Catterina erwiderte auf diese Frage wahrheitsgemäß, sie habe Don Raffael auf dem besagten Fest zum ersten Mal in ihrem Leben gesehen, und gesprochen habe sie mit ihm nichts als einige kurze Sätze bei der Vorstellung, welche von ihrer Tante mitangehört worden seien — man brauche sie nur zu fragen —, und schließlich jene paar Worte während des Musizierens, bei denen ihre Eltern ebenso wie der ganze Saal Zeuge gewesen waren.

Ihre Beteuerungen stießen bei den Eltern auf Verwunderung und Unglauben. "Ist das wirklich alles?" fragte der Vater herzlich. "Wahrhaftig, mein Kind, du brauchst uns nichts zu verheimlichen: wenn du doch mehr mit Don Raffael zu tun gehabt haben solltest, als du zu sagen wagst, sag es uns nur ruhig — wir werden dir ganz gewiß nicht böse sein."

Catterina Athenaïs, die von Herzen wünschte, ihr Vater möge sie nicht in jedem Satz "mein Kind" titulieren — ihr wurde ganz übel davon —, erwiderte mit ungewollter Heftigkeit, es gebe nichts, was die Mühe verlohnte, es zu verheimlichen, und sie könne, wenn ihre Eltern es für erforderlich hielten, auf die Bibel schwören, daß sie mit Don Raffael nicht mehr zu tun gehabt habe als eben berichtet. Sie erwartete, daß man sie wegen ihres scharfen Tons zurechtweisen würde; aber nichts dergleichen geschah.

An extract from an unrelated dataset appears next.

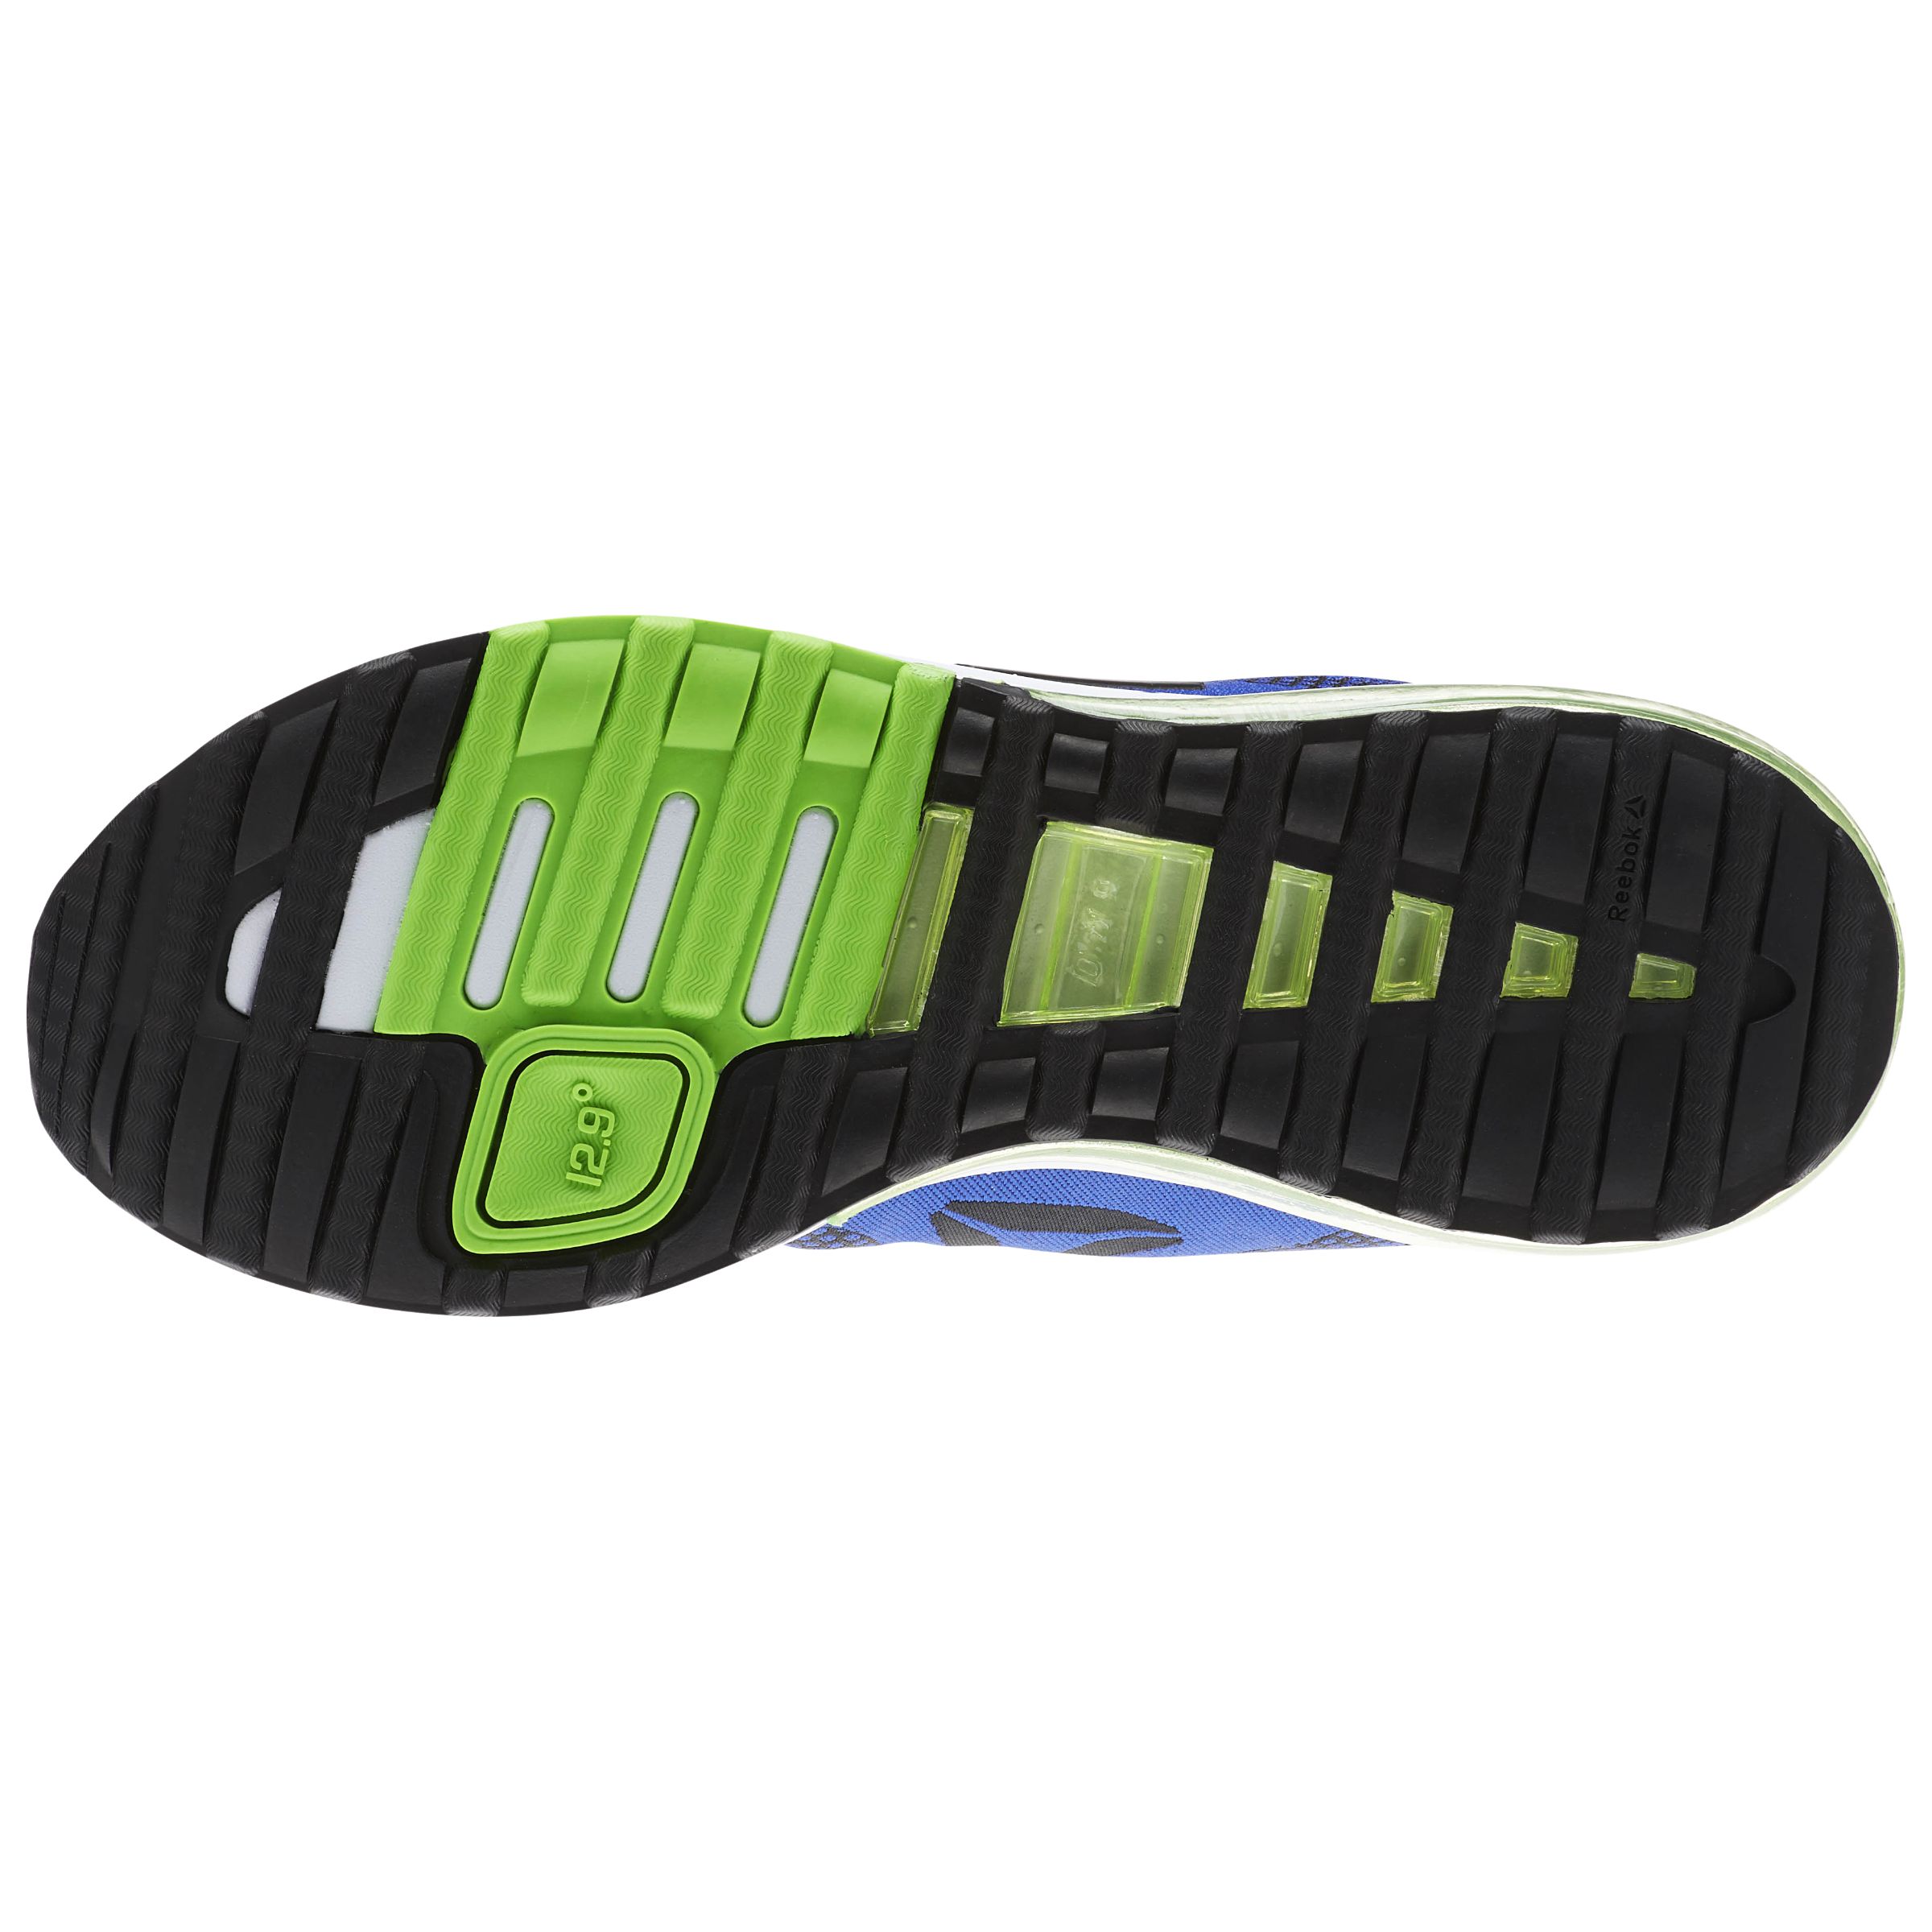 Fingerhut - Reebok Men's DashRide 6.0 Running Shoe

Ihre Eltern tauschten einen langen, von freudigem Staunen erfüllten Blick. "Es ist ein Wunder," sagte Balthasar Benocchio. — "Ein Wunder," bekräftigte seine Frau. Selten hatte Catterina Athenaοs die beiden so friedlich und einträchtig gesehen.

Als Balthasar Benocchio sich jetzt erneut zu seiner Tochter wandte, ergriff er auch noch ihre zweite Hand. "Mein Kind," sagte er — schon wieder! dachte Catterina —, "es ist etwas ganz Unerhörtes vorgefallen, das weder deine Mutter noch ich uns zu erklären vermögen. Wir hatten gehofft, eine Erklärung von dir zu bekommen; aber wie es scheint, weißt du ebensowenig über die Sache wie wir selbst, ja sogar noch weniger, denn du weißt offenbar nicht —" Er hielt inne und holte tief Atem, bevor er neu ansetzte: "Mein Kind, ich habe die große Ehre — und die ungeheuere Freude —, dir mitzuteilen, daß Raffael de Roccaferrata uns heute aufgesucht hat, um in aller Form — um deine Hand anzuhalten."